Random Variable X maps each die face to its numerical value.

Why Use Random Variables?

Random variables allow us to:

Quantify outcomes numerically
Calculate means, variances, and other statistics
Model real-world phenomena
Make predictions and decisions
Compare different random processes

Examples: Height, test scores, number of defects, wait times, stock prices

Treena - Random Variables

Types of Random Variables

Today we focus on discrete random variables - notice there are gaps between possible values!

Discrete vs. Continuous: Demystifying the type of Random Variables

Discrete Random Variable

Takes on a countable number of values

Can list all possible values

Examples:
• Dice rolls: {1, 2, 3, 4, 5, 6}
• Number of emails: {0, 1, 2, 3, …}
• Quiz scores: {0, 1, 2, …, 10}

Continuous Random Variable

Takes on uncountably many values

Cannot list all possible values

Examples:
• Height: Any value in [0, \infty)
• Time: Any positive real number
• Temperature: Any real number

Probability Mass Function (PMF)

Definition: The Probability Mass Function (PMF) of a discrete random variable X is:

P(X = x) = \text{probability that } X \text{ takes the value } x

Properties of PMF:

P(X = x) \geq 0 for all x
\sum_{\text{all } x} P(X = x) = 1

Interactive PMF Demo: Fair Die

Theoretical vs Observed Frequencies

Statistics: Click “Roll Die” to see statistics

PMF Example: Two Coin Flips

Two Coin Flips - Number of Heads

Let X = number of heads in two coin flips

Sample Space: \{HH, HT, TH, TT\}

H T H T

Current outcome: H T H T

Click coins to flip them!

Table summarizes by number of heads, not the exact sequence.

x (heads)	Outcomes	P(X = x)
0	TT	0.25
1	HT, TH	0.50
2	HH	0.25

Empirical probability updates as you flip!

Cumulative Distribution Function (CDF)

The cumulative distribution function of a random variable X is:

F(x) = P(X \leq x)

Properties of CDF: 1. F(x) is non-decreasing 2. \lim_{x \to -\infty} F(x) = 0 3. \lim_{x \to \infty} F(x) = 1 4. F(x) is right-continuous

Expected Value and Variance

The expected value of a discrete random variable X is:

E[X] = \mu = \sum_{\text{all } x} x \cdot P(X = x)

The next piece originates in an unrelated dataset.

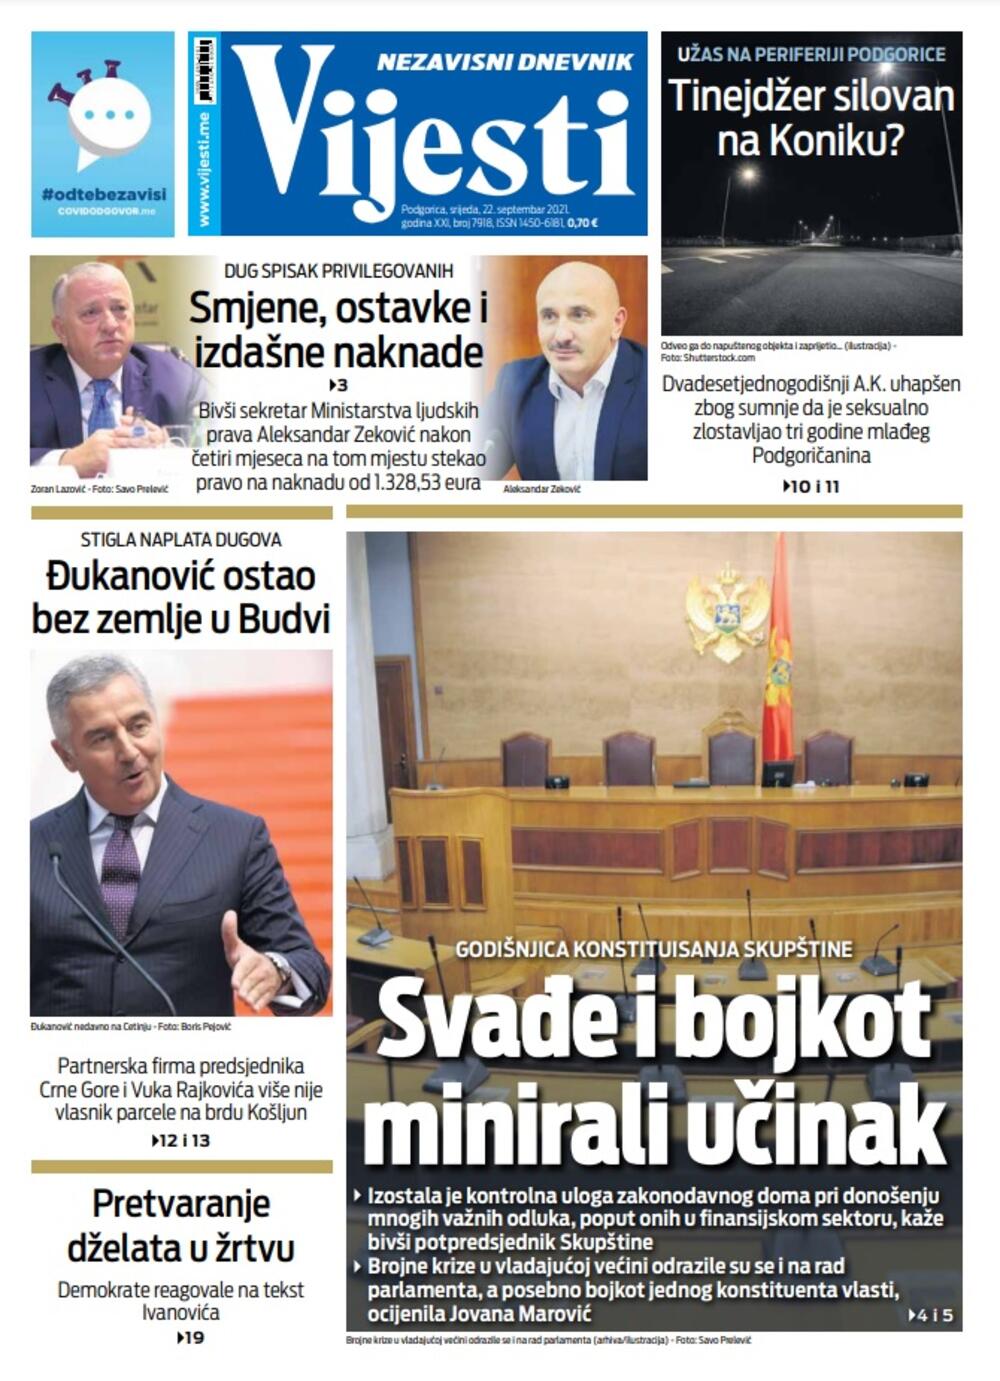 Naslovna strana "Vijesti" za 22. septembar 2021., Foto: Vijesti

The variance of a random variable X measures spread around the mean:

\text{Var}(X) = \sigma^2 = E[(X - \mu)^2] = E[X^2] - (E[X])^2

Expected value represents the long-run average if we repeat the experiment many times.

Law of Large Numbers Demo

Watch how the sample mean converges to the expected value! {.smaller}

Common Discrete Distributions

Bernoulli

Single trial, two outcomes

Parameters: p (success probability)

PMF: P(X = 1) = p, P(X = 0) = 1-p

Mean: p

Variance: p(1-p)

Binomial

n independent Bernoulli trials

Parameters: n (trials), p (success prob.)

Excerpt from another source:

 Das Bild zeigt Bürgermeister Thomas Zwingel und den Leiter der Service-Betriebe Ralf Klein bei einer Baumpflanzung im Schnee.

PMF: P(X = k) = \binom{n}{k} p^k (1-p)^{n-k}

Mean: np

Variance: np(1-p)

Geometric

Trials until first success

Parameters: p (success probability)

PMF: P(X = k) = (1-p)^{k-1} p

Mean: 1/p

Variance: (1-p)/p^2

Poisson

Events in fixed interval

Parameters: \lambda (average rate)

PMF: P(X = k) = \frac{\lambda^k e^{-\lambda}}{k!}

Mean: \lambda

Variance: \lambda

Interactive Distribution Explorer

Distribution Visualizer

Parameter 1: Parameter 2:

Practice Problem 1

A box contains 3 red balls and 2 blue balls. Two balls are drawn without replacement. Let X = number of red balls drawn. Find the PMF of X.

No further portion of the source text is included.